We who, as direct or indirect descendants of Hegel, understand history and man’s relationship with the world in a different, if not diametrically opposite, way, find it difficult to agree with Pasternak’s ‘ideological’ passages. But the narrative parts, inspired by his moving vision of history-nature (particularly in the first half of the novel), communicate that aspiration towards the future which we recognise as something with which we can identify.
The mythical moment for Pasternak is the 1905 revolution. The long poems written during his ‘committed’ phase, in 1925-27, dealt with that epoch,4 and Doctor Zhivago starts from there. It was a time when the Russian people and the intelligentsia entertained very different potential and hopes: politics, morality and poetry all marched together without any order but at the same pace. ‘ “Our lads are firing”, thought Lara. And she was not referring only to Nika and Pasha, but to the whole city which was firing. “Good, honest lads”, she thought. “They are good, that’s why they’re firing” ’ (p.69; 55). The 1905 revolution contained for Pasternak all the myths of youth and all the points of departure for a certain kind of culture; it is a peak from which he surveys the jagged terrain of this first half-century and he sees it in perspective, sharp and detailed in the nearer slopes, and, as we move towards today’s horizon, smaller and less focused in the mist, with only the odd sign standing out.
The revolution is the key moment for Pasternak’s essential poetic myth: nature and history become one. In this sense, the heart of the novel, the point where it reaches its peak in terms of style and thought, is part V, the revolutionary days of 1917, at Melyuzeyevo, a little hospital city full of back streets:
Yesterday I went to a night-time rally. An extraordinary spectacle. Mother Russia is on the move, cannot stay still, is walking, does not know where she is, is talking and knows how to express herself. And it is not only the men who are talking. The trees and the stars have met up and are talking, the nocturnal flowers are philosophising and the stone houses are holding rallies. (p. 191; 136)
At Melyuzeyevo we see Zhivago living a moment of suspended happiness, between the fervour of revolutionary life and the idyll, still only hinted at, with Lara. Pasternak conveys this state in a wonderful passage (p. 184; 131) about nocturnal noises and perfumes, in which nature and human bustle mingle together, as in the houses of Verga’s Aci Trezza, and the tale unravels without needing anything to happen, composed entirely of the relationship between the facts of existence, as in Chekhov’s The Steppe’, the story that is the prototype for so much modern narrative.

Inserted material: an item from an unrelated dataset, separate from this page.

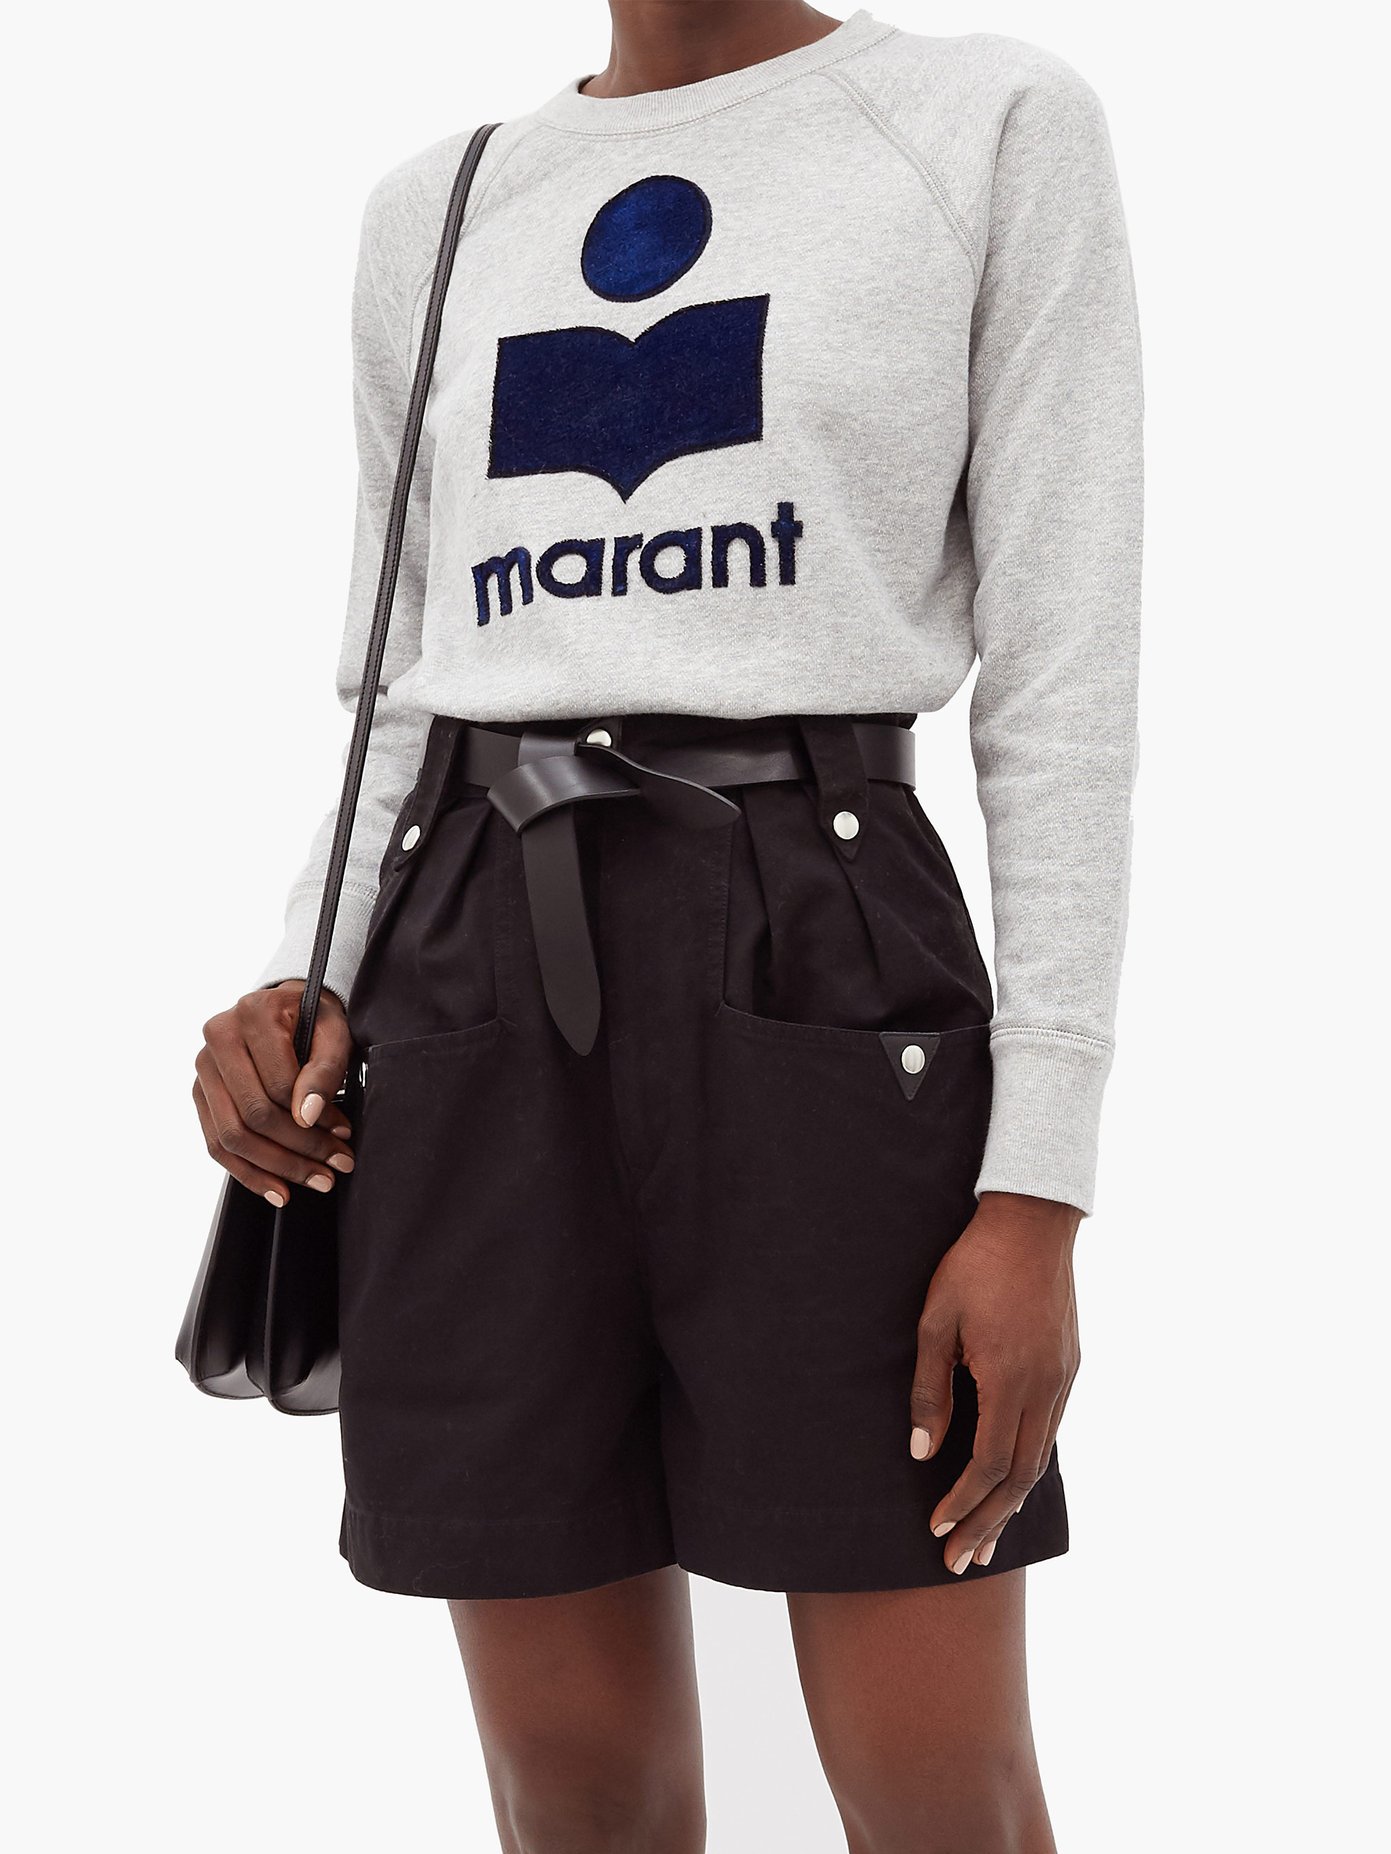 https://assetsprx.matchesfashion.com/img/product/outfit_1360077_1_zoom.jpg

But what does Pasternak mean by revolution? The novel’s political ideology is summed up in that definition of socialism as the realm of authenticity, which the author puts into the mouth of his protagonist, in spring 1917:
Everyone has been reanimated, reborn, everywhere there are transformations, upheavals. One could say that two revolutions have taken place within each one of us: our own, individual, one and the other general revolution. Socialism seems to me to be a sea into which all these single, individual revolutions have to flow like rivulets, the sea of everyone’s life, the sea of everyone’s authenticity. The sea of life, I say, of that life that you can see in paintings, of life as geniuses understand it, creatively enriched. Today, though, men have decided not to experience life through books any more, but in themselves, not in the abstract, but in actual practice, (p. 191; 136)
An ideology of ‘spontaneity’, as we would say in political jargon: and we well understand the subsequent disillusionment. But it does not matter that these words (and the other excessively literary ones which Zhivago utters when applauding the Bolsheviks’ seizure of power in October) will be proved bitterly wrong several times in the course of the novel: its positive pole always remains that ideal of a society of authentic beings, glimpsed in the springtime of the revolution, even when the portrayal of reality emphasises more and more the negative character of that reality.

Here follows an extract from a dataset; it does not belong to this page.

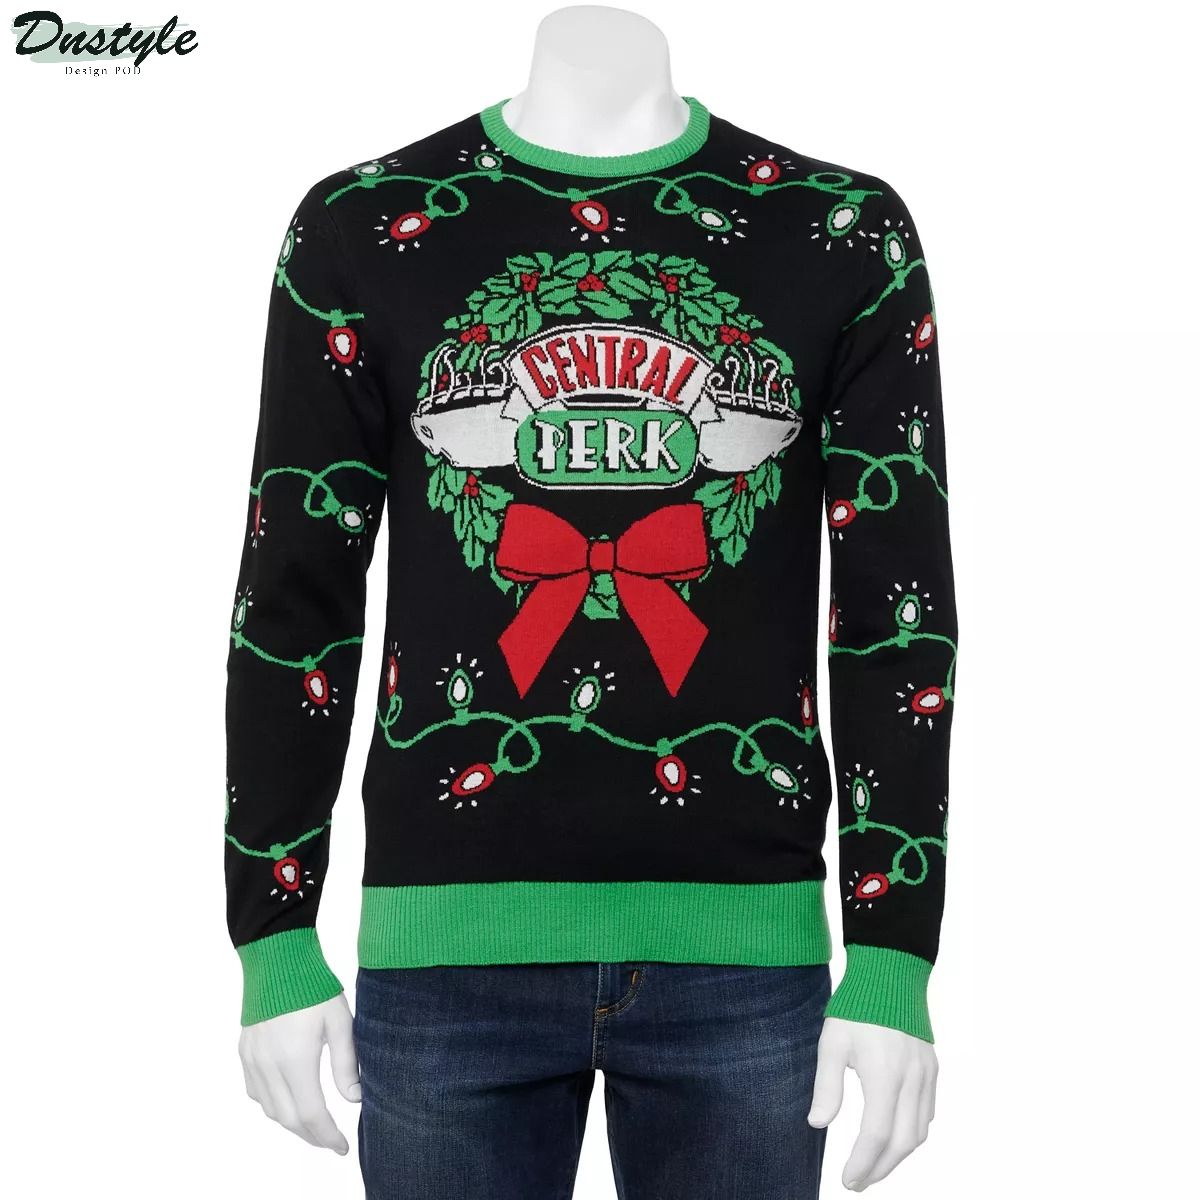 Central perk ugly christmas sweater

Pasternak’s objections to Soviet communism seem to me to move in two directions: against the barbarism, the ruthless cruelty unleashed by the civil war (we shall return to this topic, which has a preponderant role in the novel); and against the theoretical and bureaucratic abstractions in which the revolutionary ideals become frozen. This second polemic, which is the one that most interests us, is not objectified in characters, situations or imagery,5 but only in occasional reflections. And yet there is no doubt that the really negative pole is this one, implicitly or explicitly. Zhivago returns to the town in the Urals after spending several unwilling years with the partisans, and sees the walls covered with posters:
What were these words? from the year before? from two years before? Once in his life he had been elated by the incontrovertibility of that language, the linearity of that thought. Was it possible that he would have to pay for that careless enthusiasm by having nothing in front of him now for the rest of his life except those cries and claims, which never changed in the course of the years, in fact with the passing of time they became less and less vital, more and more incomprehensible and abstract? (p.497; 343)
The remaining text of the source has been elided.